В своем эссе о Тайнах, написанном после того, как роман был переведен на английский язык, Эдгар По заметил:

«Усматривать в романе Сю философские мотивы – в высшей степени абсурдно. Первая и, по сути дела, единственная цель автора – сделать увлекательную и поэтому хорошо продаваемую книгу. Лицемерная болтовня (иногда прикрытая, а иногда и открытая) об улучшении общества и т. д. – это всего лишь обычный трюк, с помощью которого писатели надеются придать страницам своих книг вид достоинства или утилитаризма, чтобы позолотить пилюлю распущенности»[240].

Критика Эдгара По – это не критика «слева». Американский поэт ограничивается тем, что указывает на фальшь в тональности книги и приписывает автору намерения, в которых тот сам открыто не признается.

Незадолго до того, как Эдгар По написал свое эссе об Эжене Сю, гораздо более проницательный и идеологически более последовательный разбор Тайн сделал В. Г. Белинский[241]. Дав краткий обзор положения низших классов в индустриальной цивилизации Запада, В. Г. Белинский открывает огонь:

«Эжен Сю был… счастливцем, которому первому пришло в голову сделать выгодную литературную спекуляцию на имя народа… Он… – почтенный мещанин в полном смысле слова, филистер конституционно-мещанской гражданственности и, если б мог попасть в депутаты, был бы именно таким депутатом, каких нужно теперь хартии[242]. Изображая французский народ в своем романе, Эжен Сю смотрит на него, как истинный мещанин (bourgeois), смотрит на него очень просто, – как на голодную, оборванную чернь, невежеством и нищетою осужденную на преступления. Он не знает ни истинных пороков, ни истинных добродетелей народа, не подозревает, что у него есть будущее, которого уже нет у торжествующей и преобладающей партии, потому что в народе есть вера, есть энтузиазм, есть сила нравственности. Эжен Сю сочувствует бедствиям народа: зачем отнимать у него благородную способность сострадания, – тем более что она обещала ему такие верные барыши? Но как сочувствует – это другой вопрос. Он желал бы, чтобы народ не бедствовал и, перестав быть голодною, оборванною и частью поневоле преступною чернью, сделался сытою, опрятною и прилично себя ведущею чернью, а мещане, теперешние фабриканты законов во Франции, оставались бы по-прежнему господами Франции, образованнейшим сословием спекулянтов. Эжен Сю показывает в своем романе, как иногда сами законы французские бессознательно покровительствуют разврату и преступлению. И, надо сказать, он показывает это очень ловко и убедительно; но он не подозревает того, что зло скрывается не в каких-нибудь отдельных законах, а в целой системе французского законодательства, во всем устройстве общества»[243].

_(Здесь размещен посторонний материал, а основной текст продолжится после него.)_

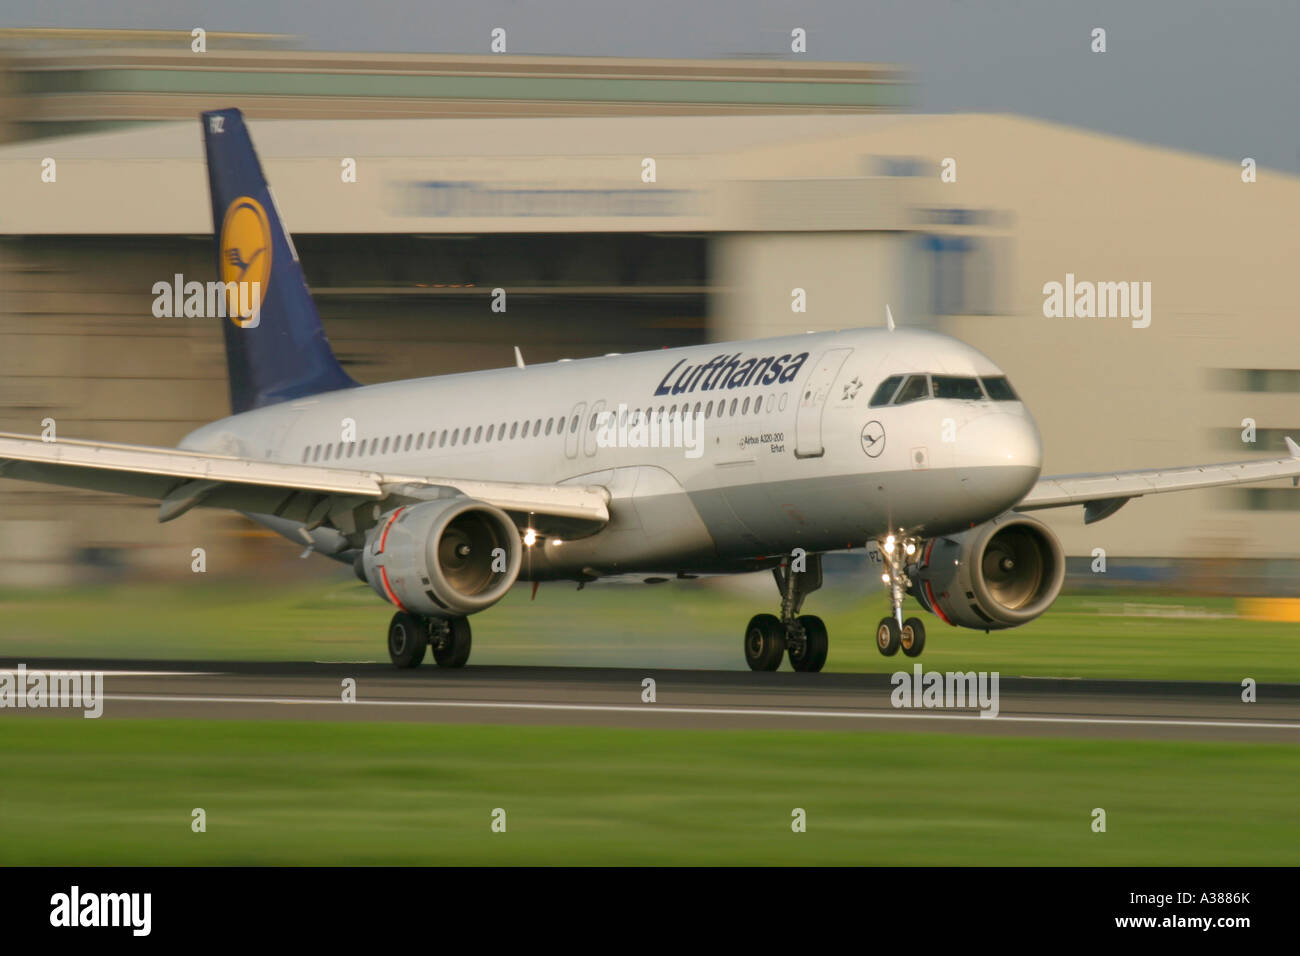 Lufthansa Airbus A320 landing at London Heathrow Airport Stock Photo

Обвинение недвусмысленно: установка Эжена Сю типична для таких реформаторов, которые стремятся произвести некоторые перемены, чтобы в конце концов все осталось как было. В политическом плане – он социал-демократ, в литературном – торговец сенсациями, спекулирующий на человеческой нищете.

Если мы перечитаем соответствующие страницы «Святого семейства» К. Маркса и Ф. Энгельса, то найдем там сходный полемический тон.[244] Главная цель этого сочинения – осмеяние младогегельянцев из Allgemeine Literatur-Zeitung и, в частности, Шелиги[245]. Для Шелиги Тайны были «эпосом», который «рождает мысль, что настоящее само по себе – ничто, и даже не только вечный рубеж между прошедшим и будущим, но подлежащая постоянному заполнению брешь, отделяющая бессмертие от бренности…»[246]. Именно Шелига, а не Эжен Сю, – объект критики в «Святом семействе». Но чтобы их критика была убедительной и успешной, К. Маркс и Ф. Энгельс должны были разоблачить и роман Эжена Сю, показав, что он представляет собой идеологическое мошенничество, которое могли принять за чистую монету, за евангелие спасения, только Бруно Бауэр и его сотоварищи. Мелкобуржуазно-реформистский характер романа ярко проявляется в словах несчастного Мореля, произносимых им в апогее его финансовых бедствий: «Ах, если бы богатые знали об этом!» Мораль книги заключается в том, что богатые могут знать – могут вмешаться и вылечить язвы общества своей щедрой благотворительностью. Но К. Маркс и Ф. Энгельс идут дальше: не ограничиваясь выявлением реформизма Эжена Сю (им, например, недостаточно оценить идею герцога Родольфа о банке для бедных на чисто экономических основаниях), они указывают, что палаческая месть (executioner’s revenge, la vendetta giustiziera) герцога Родольфа – лицемерна. Столь же лицемерно и описание социальной реабилитации Поножовщика (Резаки)[247]. Новая теория уголовных наказаний, предлагаемая Эженом Сю, также опорочена религиозным лицемерием: это явствует из участи Грамотея (Мастака). Наконец, искупление грехов Флёр-де-Мари – не просто лицемерно; это типичный пример религиозного отчуждения в фейербаховском смысле. Таким образом, К. Маркс и Ф. Энгельс заклеймили Эжена Сю не как наивного социал-демократа, но как реакционера, а также как легитимиста и последователя Ж. де Местра, по крайней мере в молодые годы, когда Эжен Сю восхвалял работорговлю и колониализм.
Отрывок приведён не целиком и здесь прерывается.